MATERIAL PROVIDED>
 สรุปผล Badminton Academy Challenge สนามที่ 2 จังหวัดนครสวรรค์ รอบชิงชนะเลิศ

==

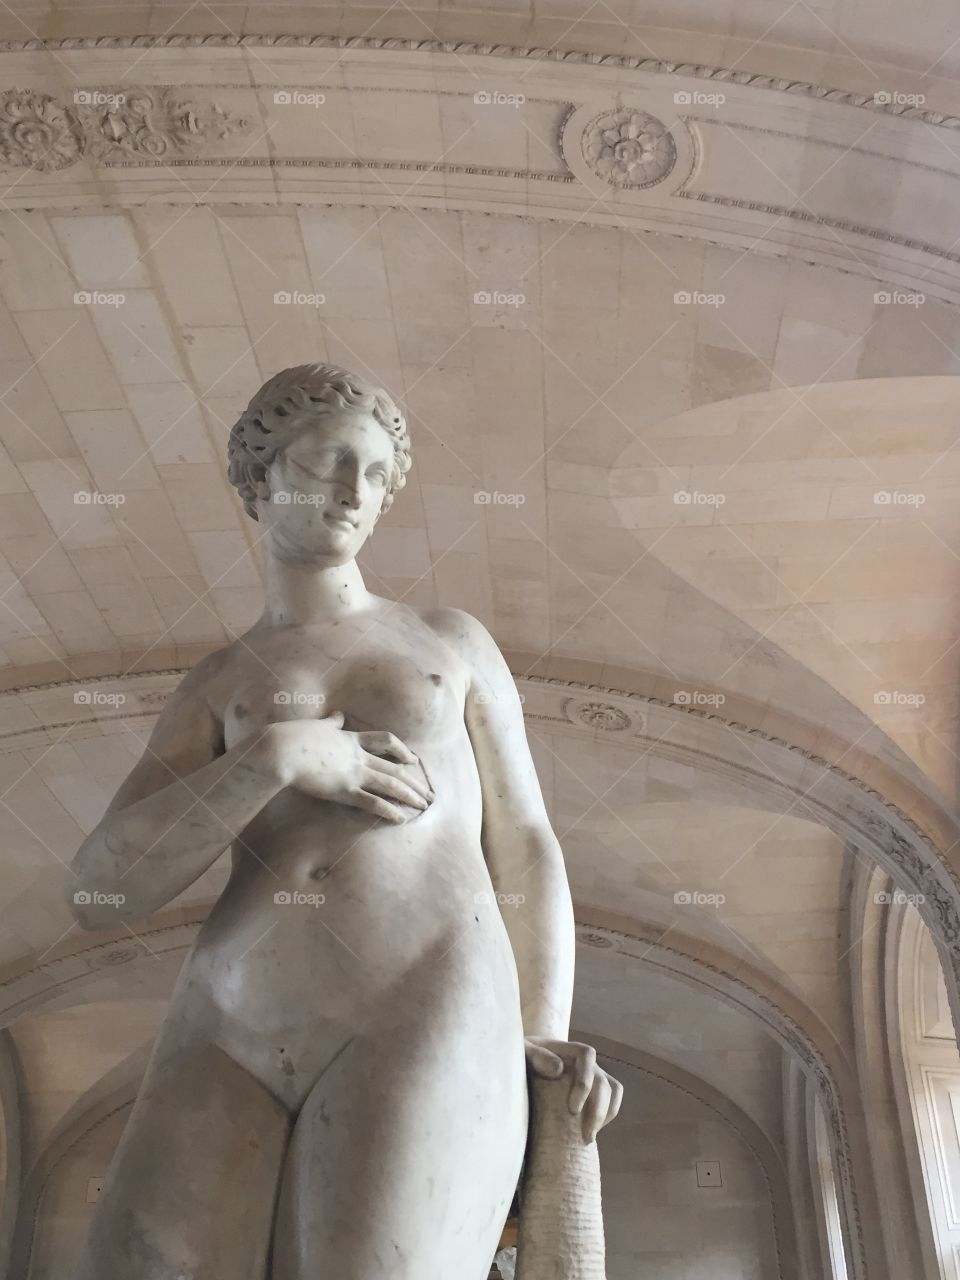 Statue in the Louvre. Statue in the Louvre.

--

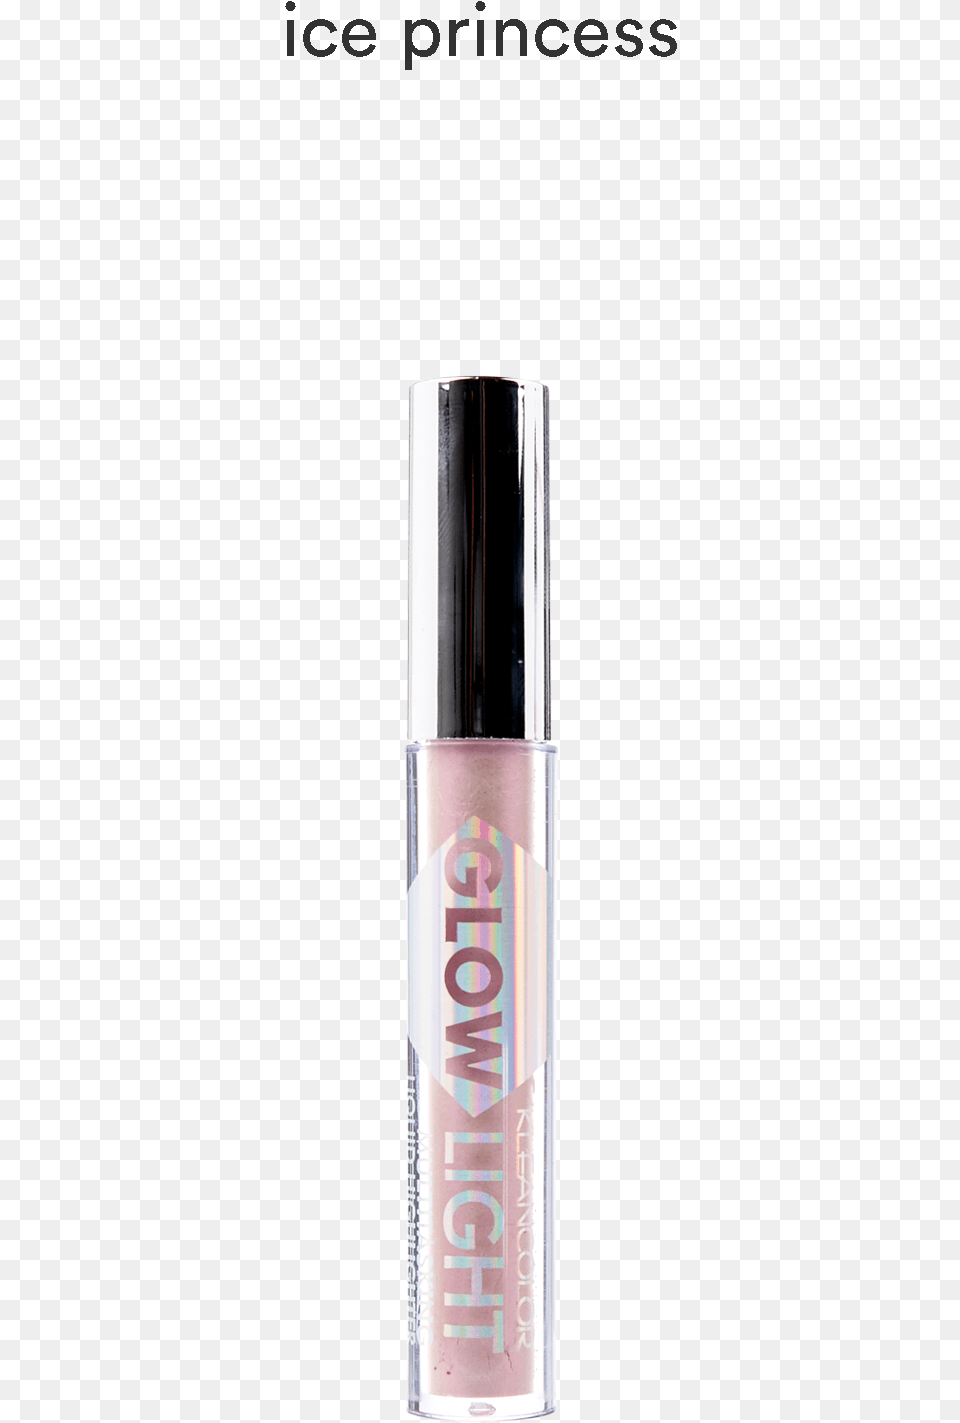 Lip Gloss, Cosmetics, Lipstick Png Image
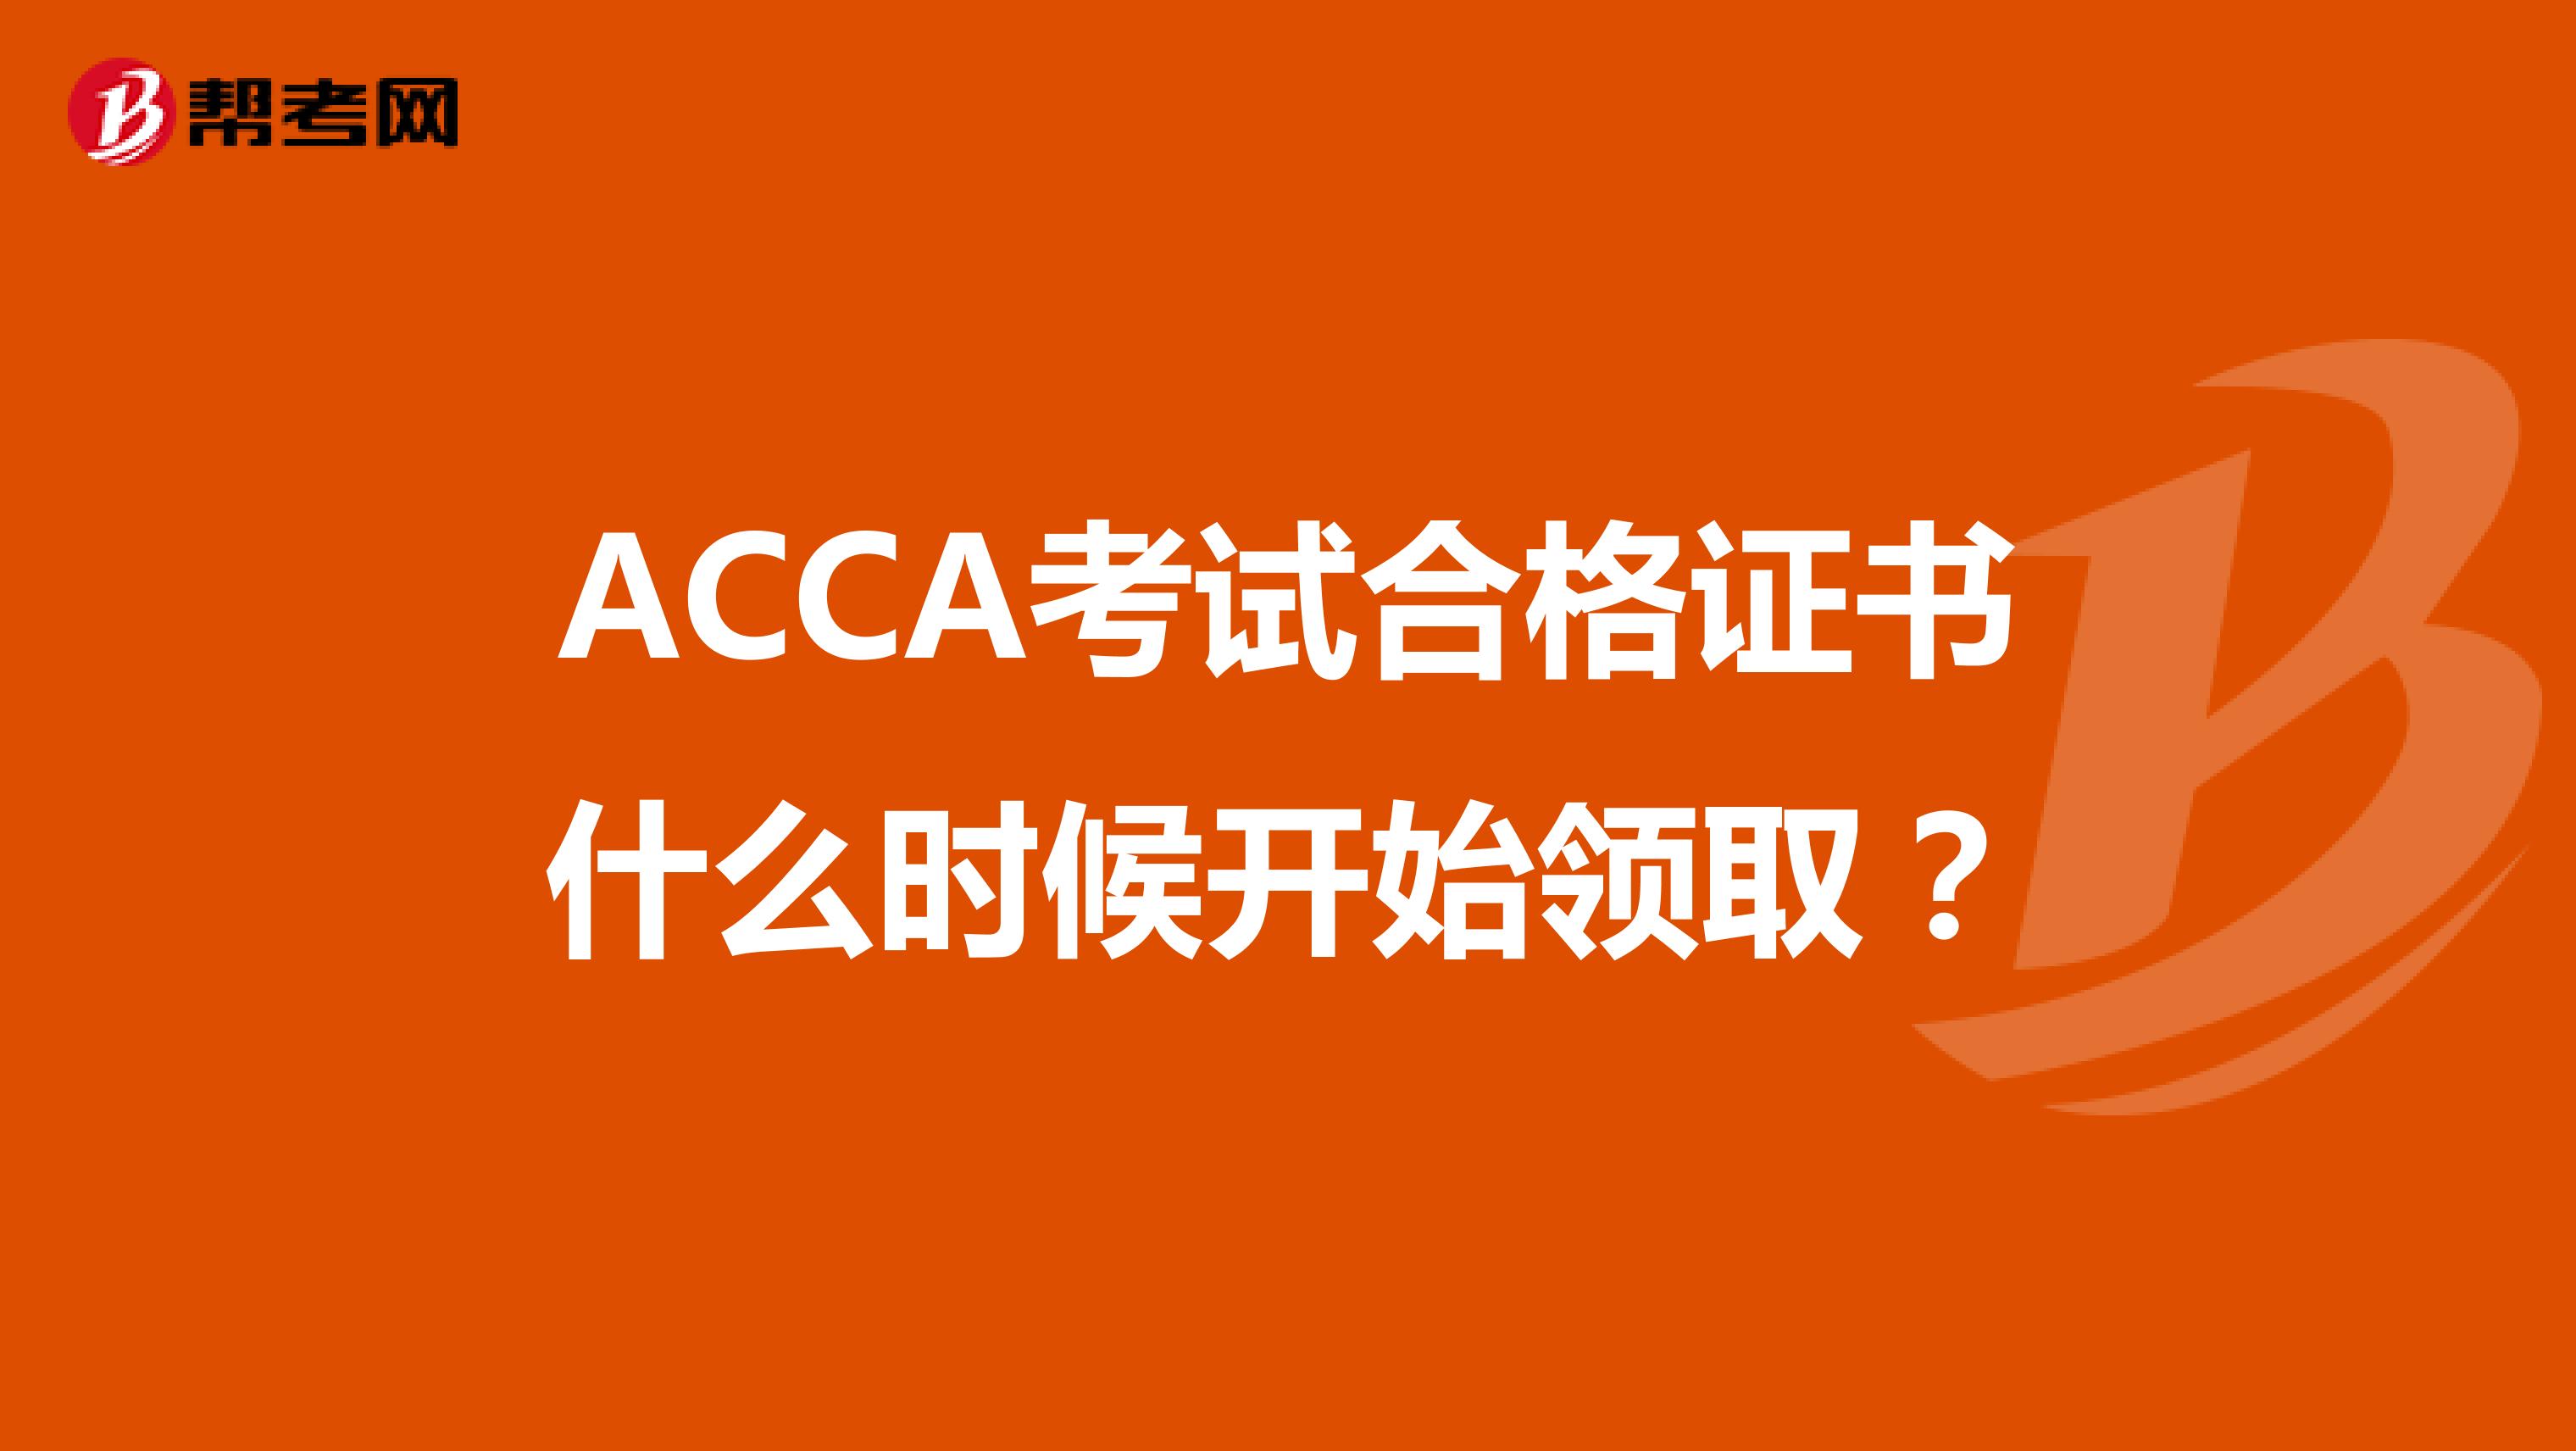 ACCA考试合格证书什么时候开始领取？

YOUR OBJECTIVE> While skipping the pictures, transcribe the data above from the line showing "Lip Gloss, Cosmetics, Lipstick Png Image" through the line showing "ACCA考试合格证书什么时候开始领取？", exactly and with both ends.

EXPECTED OUTPUT>
 Lip Gloss, Cosmetics, Lipstick Png Image
 ACCA考试合格证书什么时候开始领取？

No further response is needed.